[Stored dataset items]

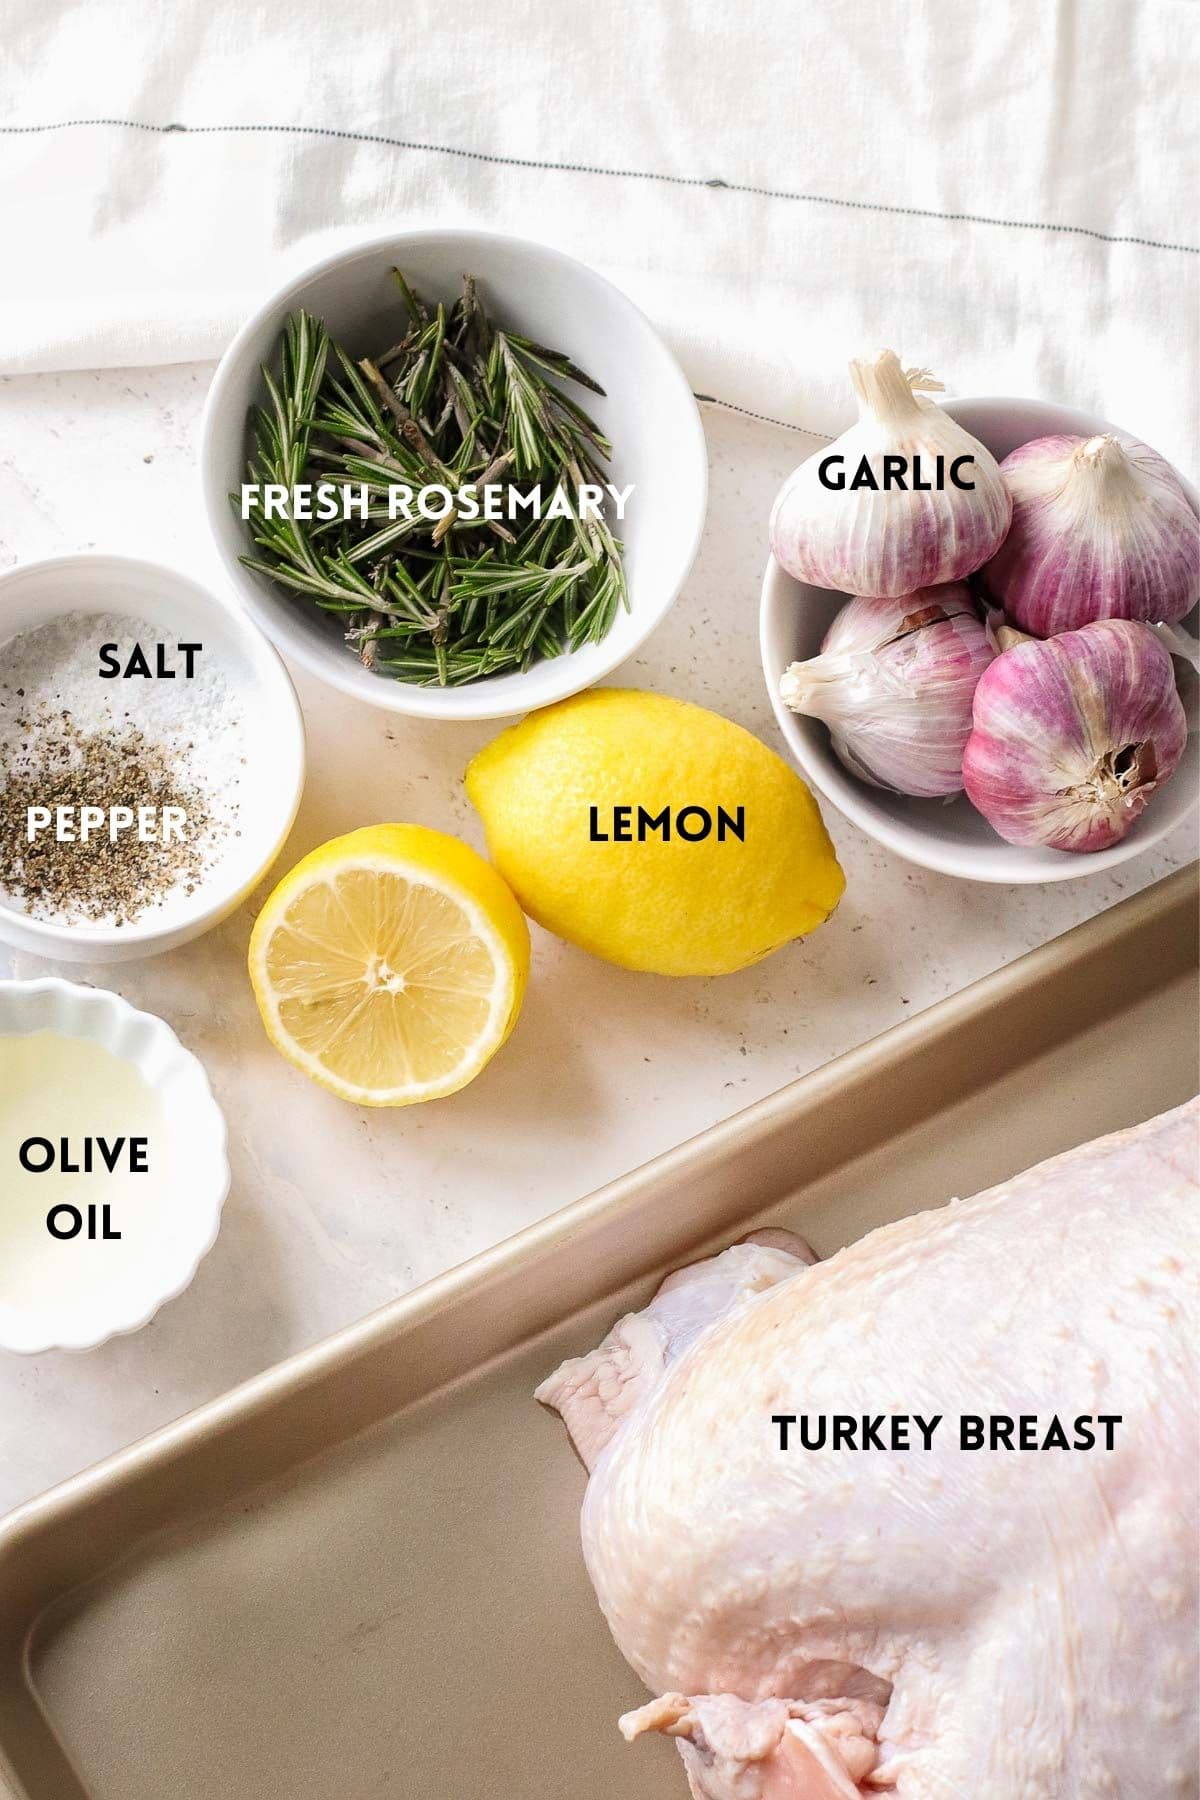 Ingredients for making the recipe
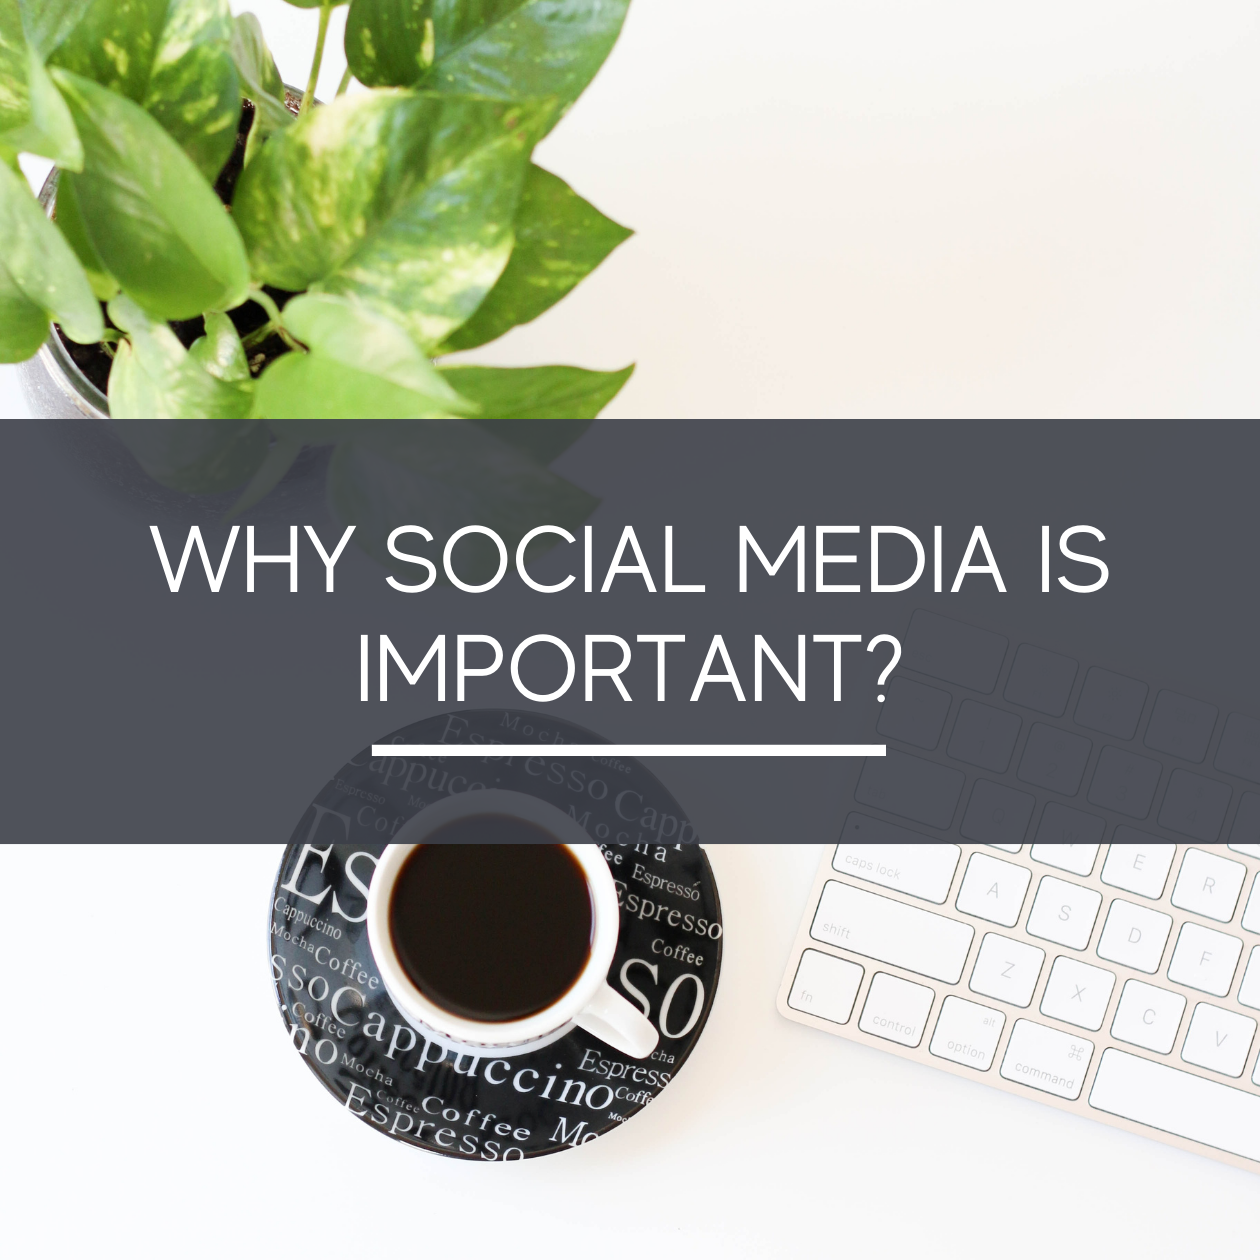 Why is Social Media important?
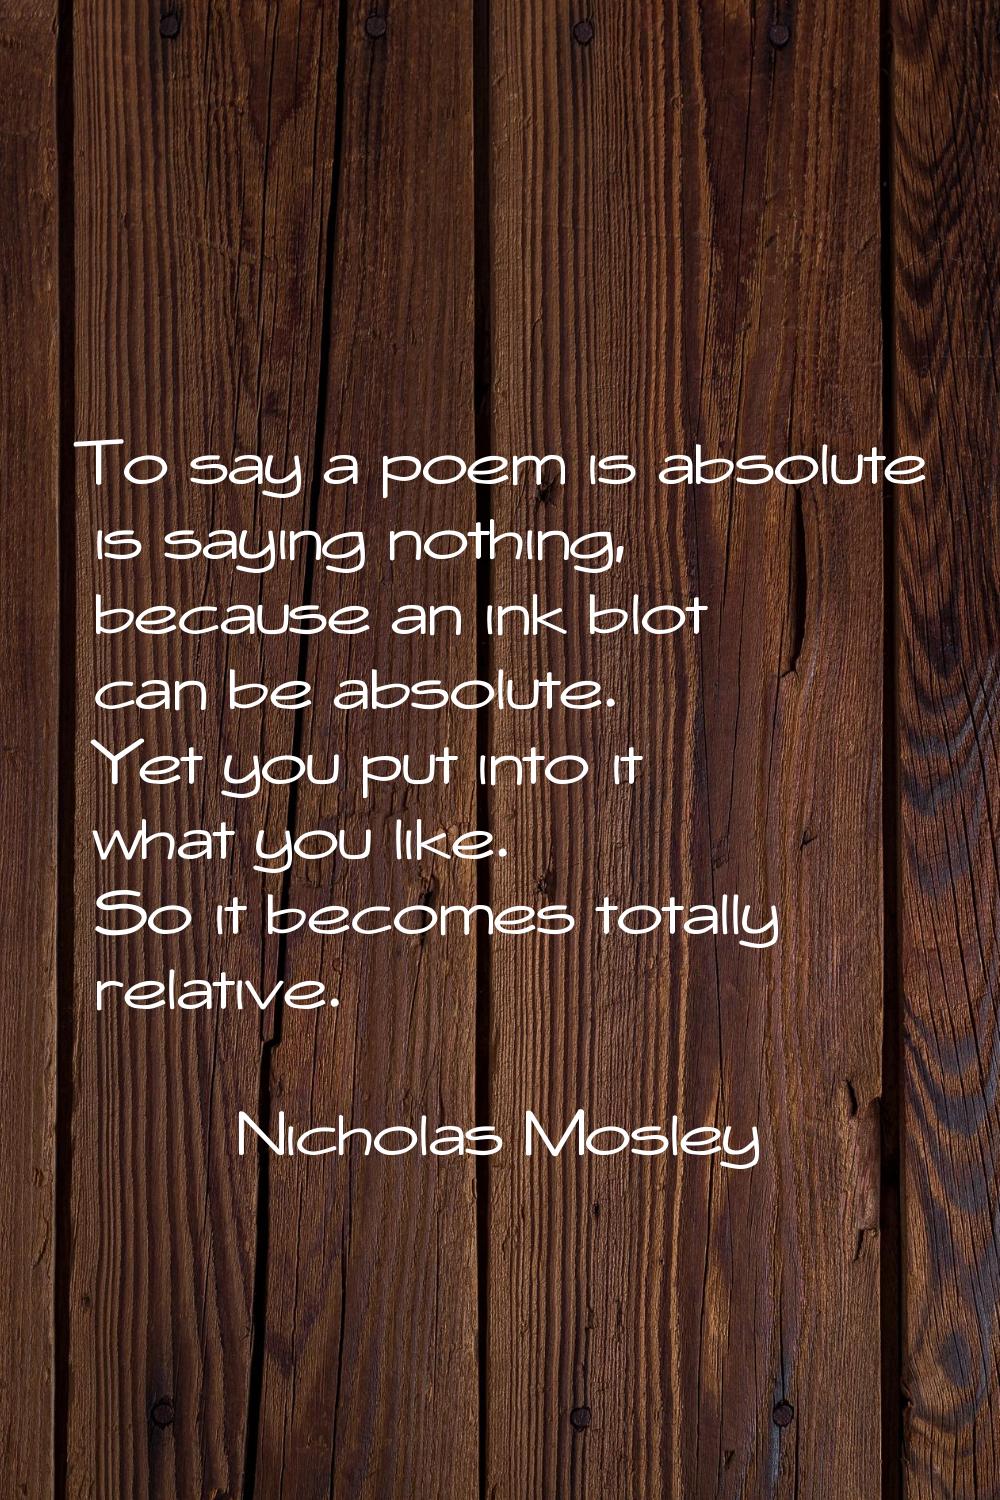 To say a poem is absolute is saying nothing, because an ink blot can be absolute. Yet you put into 
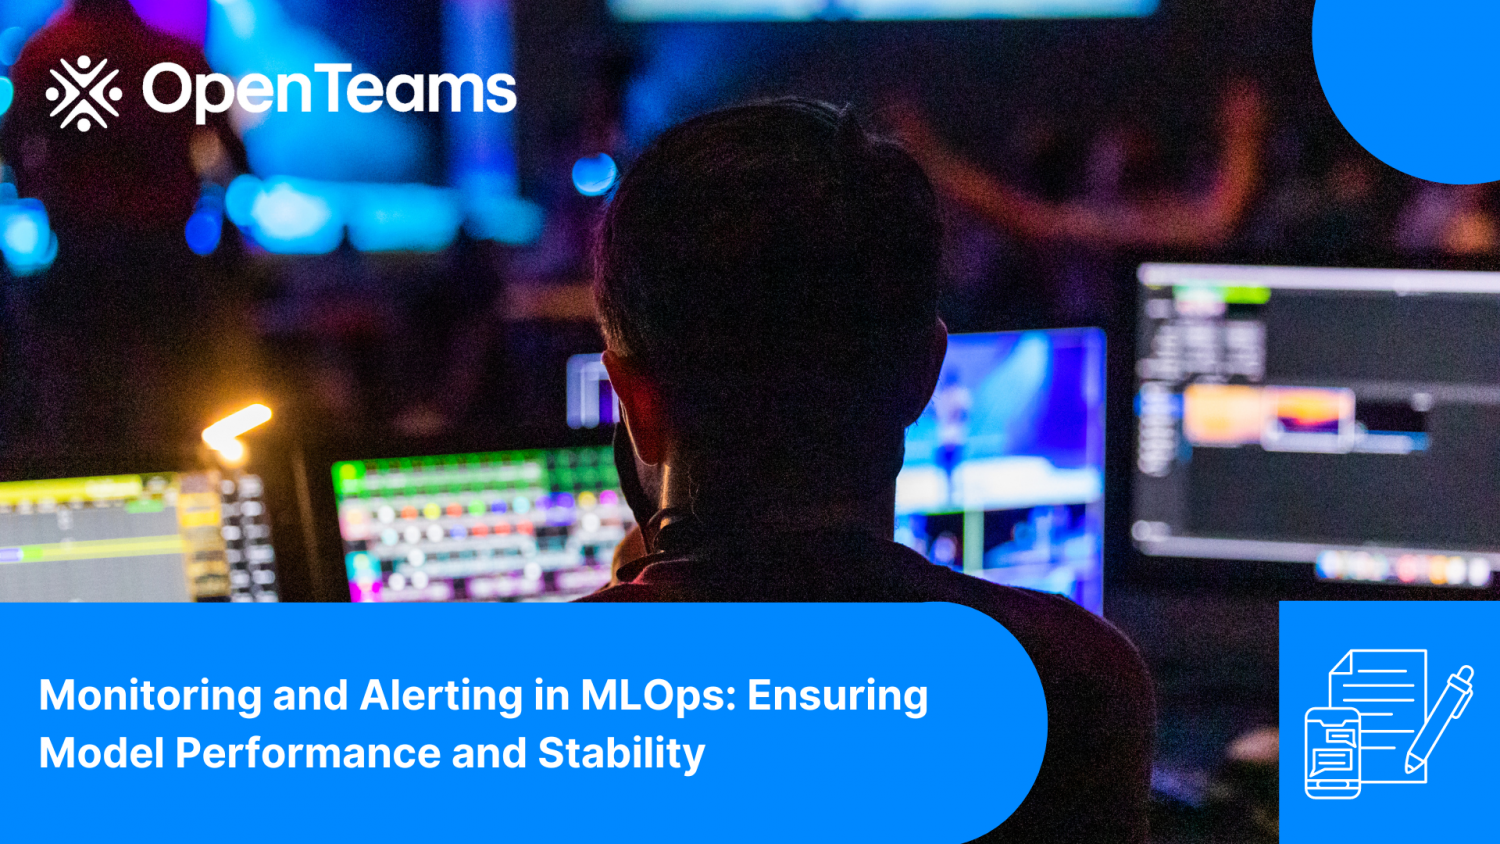 Monitoring and Alerting in MLOps: Ensuring Model Performance and Stability
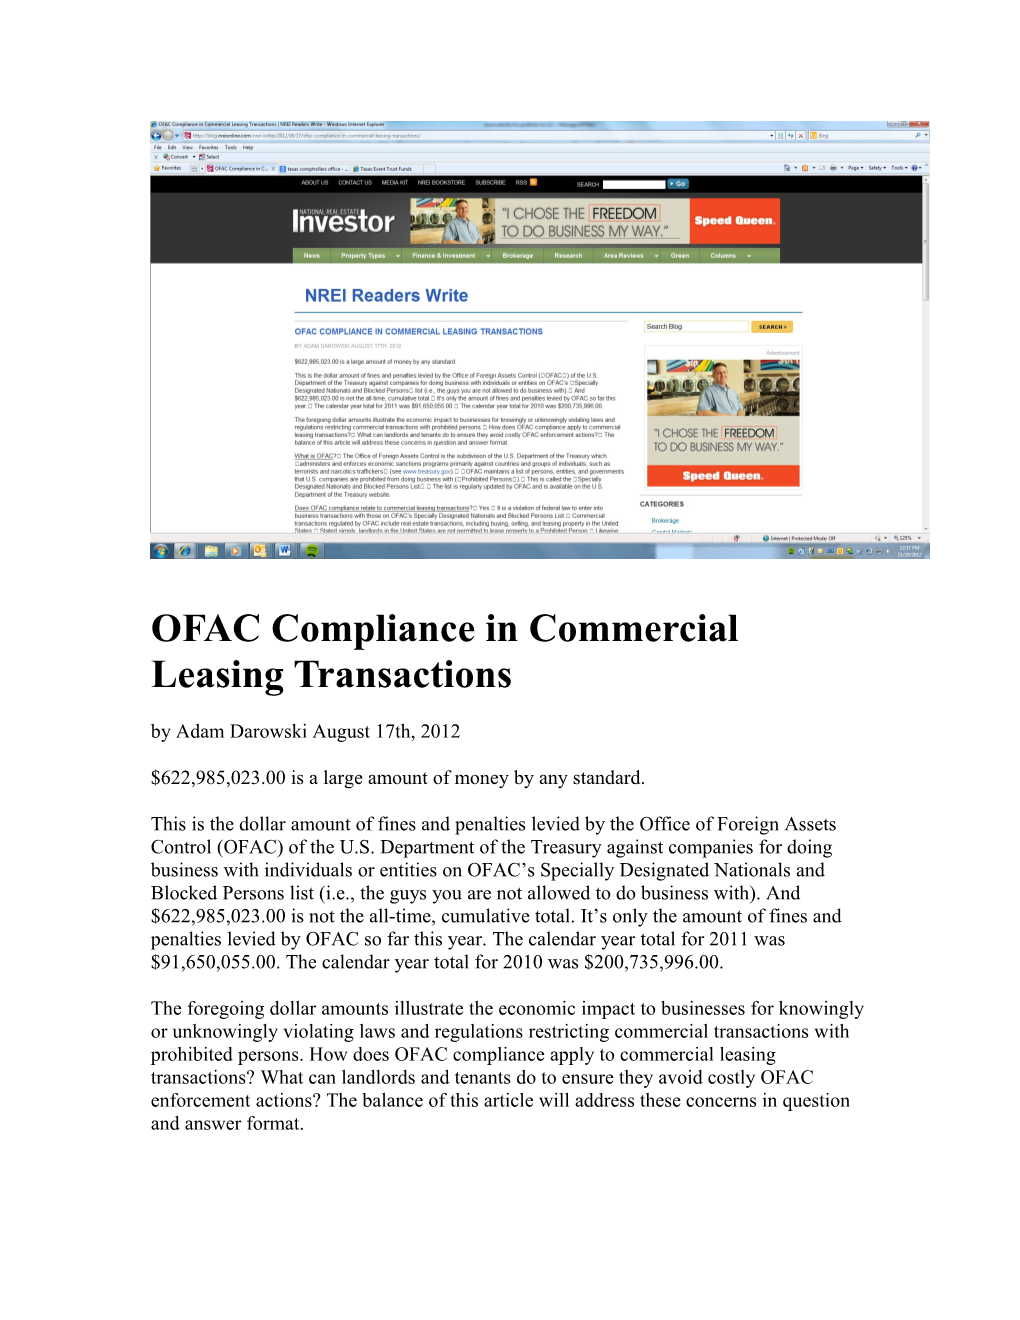 OFAC Compliance in Commercial Leasing Transactions

> _PROMPT_: Reproduce the data in full. Do not carry over any picture.

> _YOUR SOLUTION_:
 Ingredients for making the recipe
 Why is Social Media important?
 To say a poem is absolute is saying nothing, because an ink blot can be absolute. Yet you put into 
 Monitoring and Alerting in MLOps: Ensuring Model Performance and Stability
 OFAC Compliance in Commercial Leasing Transactions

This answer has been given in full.